§ 39 HBKG, Weiterbildungsordnung

§ 39 HBKG
Gesetz über die Kammern und die Berufsgerichtsbarkeit für die Heilberufe (Heilberufekammergesetz - HBKG)
Landesrecht Schleswig-Holstein

Abschnitt IV – Weiterbildung → Unterabschnitt 1 – Allgemeine Vorschriften

Titel: Gesetz über die Kammern und die Berufsgerichtsbarkeit für die Heilberufe (Heilberufekammergesetz - HBKG)
Normgeber: Schleswig-Holstein
Amtliche Abkürzung: HBKG
Gliederungs-Nr.: 2122-6
Normtyp: Gesetz

(1) Unbeschadet des § 40 Abs. 2 erlassen die Kammern Satzungen über die Weiterbildung der Kammermitglieder (Weiterbildungsordnungen).

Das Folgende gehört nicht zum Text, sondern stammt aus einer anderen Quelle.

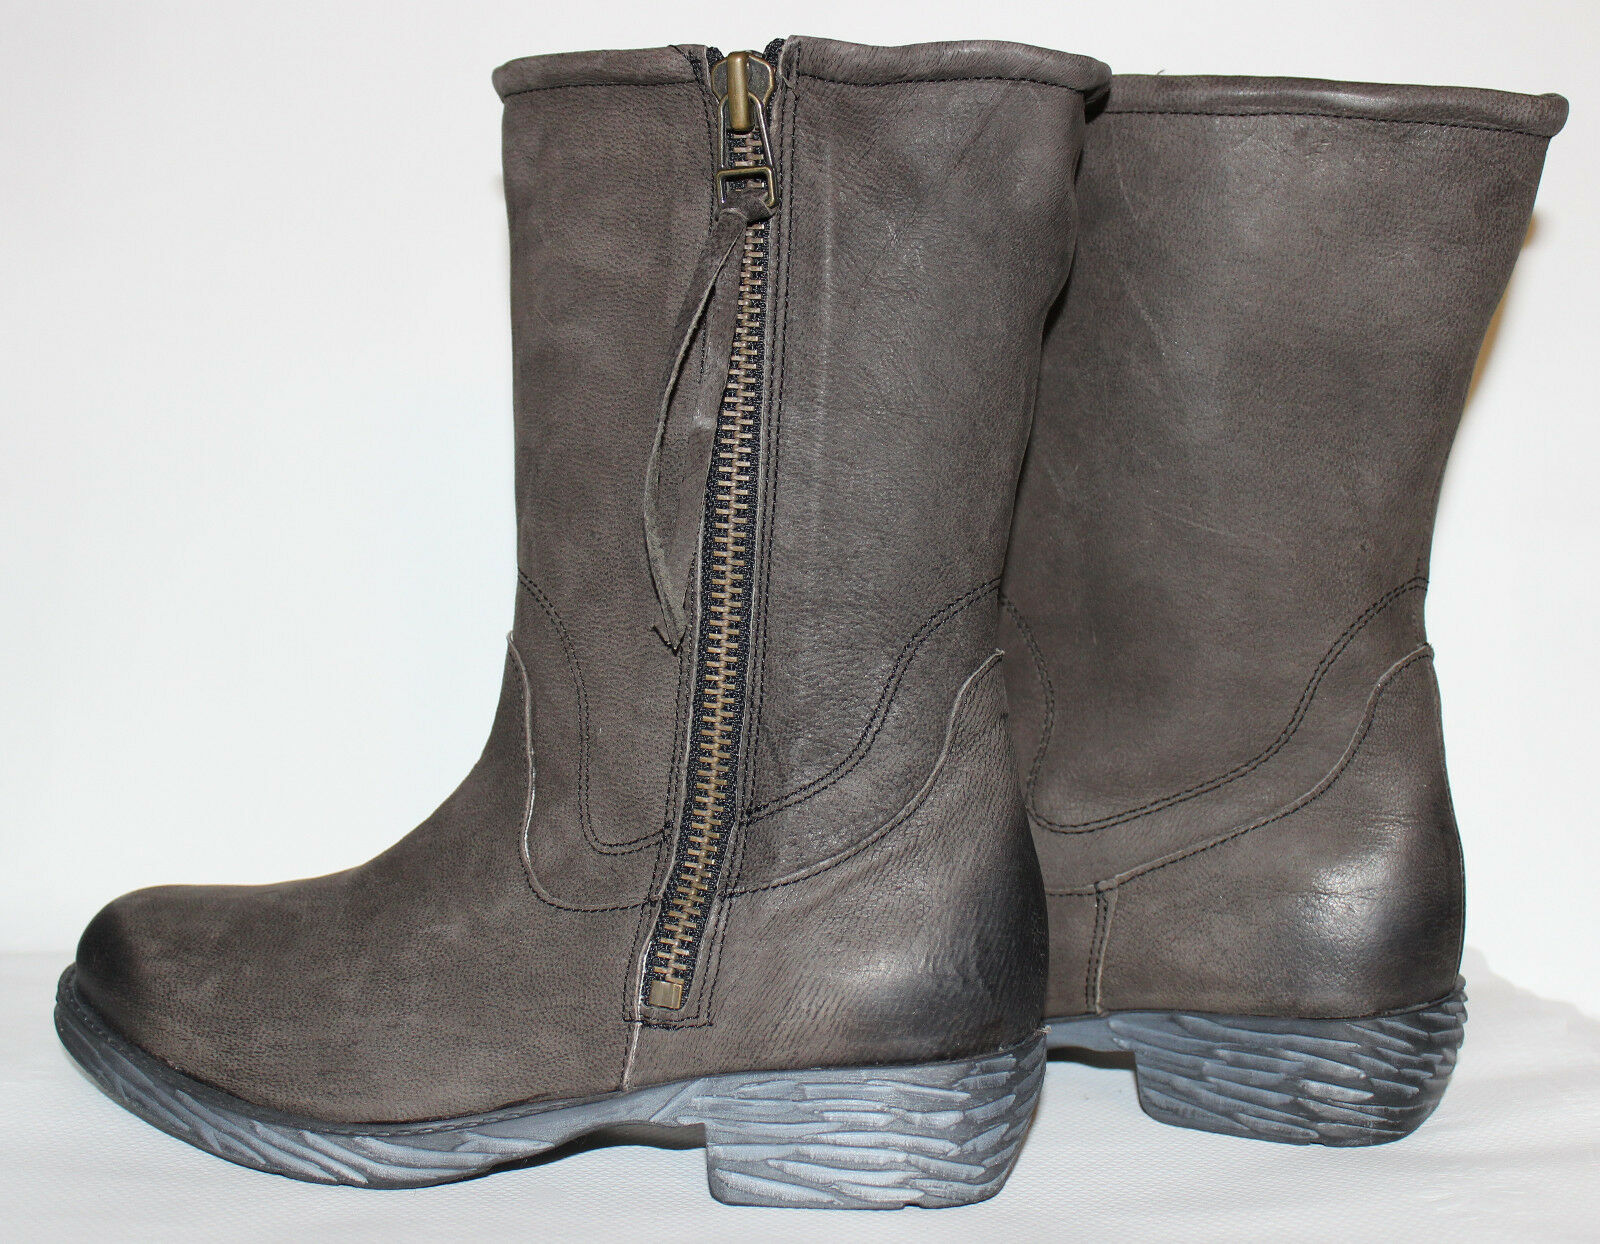 STEVEN Steve Madden Madeira Charcoal Premium Leder Leder Premium Zip Stiefel 7 M NEW  L@@K C4 f59c7d

(2) In der Weiterbildungsordnung sind insbesondere zu regeln

  1. 1.

    der Inhalt und der Umfang der Gebiete, Teilgebiete und Bereiche, auf die sich die Bezeichnungen nach § 32 beziehen,

  2. 2.

    die Bestimmung und die Aufhebung von Bezeichnungen nach § 33 Abs. 1 und 2,

  3. 3.

    der Inhalt und die Mindestdauer der Weiterbildung nach § 35, insbesondere Inhalt, Dauer und Reihenfolge der einzelnen Weiterbildungsabschnitte, Dauer und besondere Anforderungen der verlängerten Weiterbildung nach § 37 Abs. 4 und die zusätzlichen Ausbildungsvoraussetzungen für die Weiterbildung in berufsübergreifenden Gebieten,

  4. 4.

    die Voraussetzungen für die Ermächtigung von Kammermitgliedern zur Weiterbildung und für den Widerruf der Ermächtigung nach § 36,

  5. 5.

    die Anforderungen, die an das Zeugnis nach § 36 Abs. 3 zu stellen sind,

  6. 6.

    das Verfahren zur Erteilung der Anerkennung und das Nähere über die Prüfung nach § 37,

  7. 7.

    unbeschadet der §§ 37a und b die unter Berücksichtigung der Richtlinie 2005/36/EG gebotenen Weiterbildungs- und Anerkennungsvoraussetzungen, Ausgleichsmaßnahmen und das Anerkennungsverfahren,

  8. 8.

    die Dokumentation der Weiterbildung.

(3) Unter den Voraussetzungen des § 33 Abs. 1 können in der Weiterbildungsordnung Befähigungen zum Erwerb

  1. 1.

    zusätzlicher Kenntnisse und Fähigkeiten (zusätzliche Weiterbildung im Gebiet) oder

  2. 2.

    von Fachkunden in bestimmten Untersuchungs- und Behandlungsmethoden

vorgesehen werden. Die Anforderungen an den Erwerb dieser Befähigungen können sich, soweit erforderlich, nach den Anforderungen richten, die in diesem Abschnitt an die Weiterbildung in Gebieten, Teilgebieten und Bereichen gestellt werden. Den Erwerb dieser Befähigungen bestätigt die Kammer durch eine Bescheinigung. Diese berechtigt nicht zur Führung dieser Befähigungsbezeichnungen.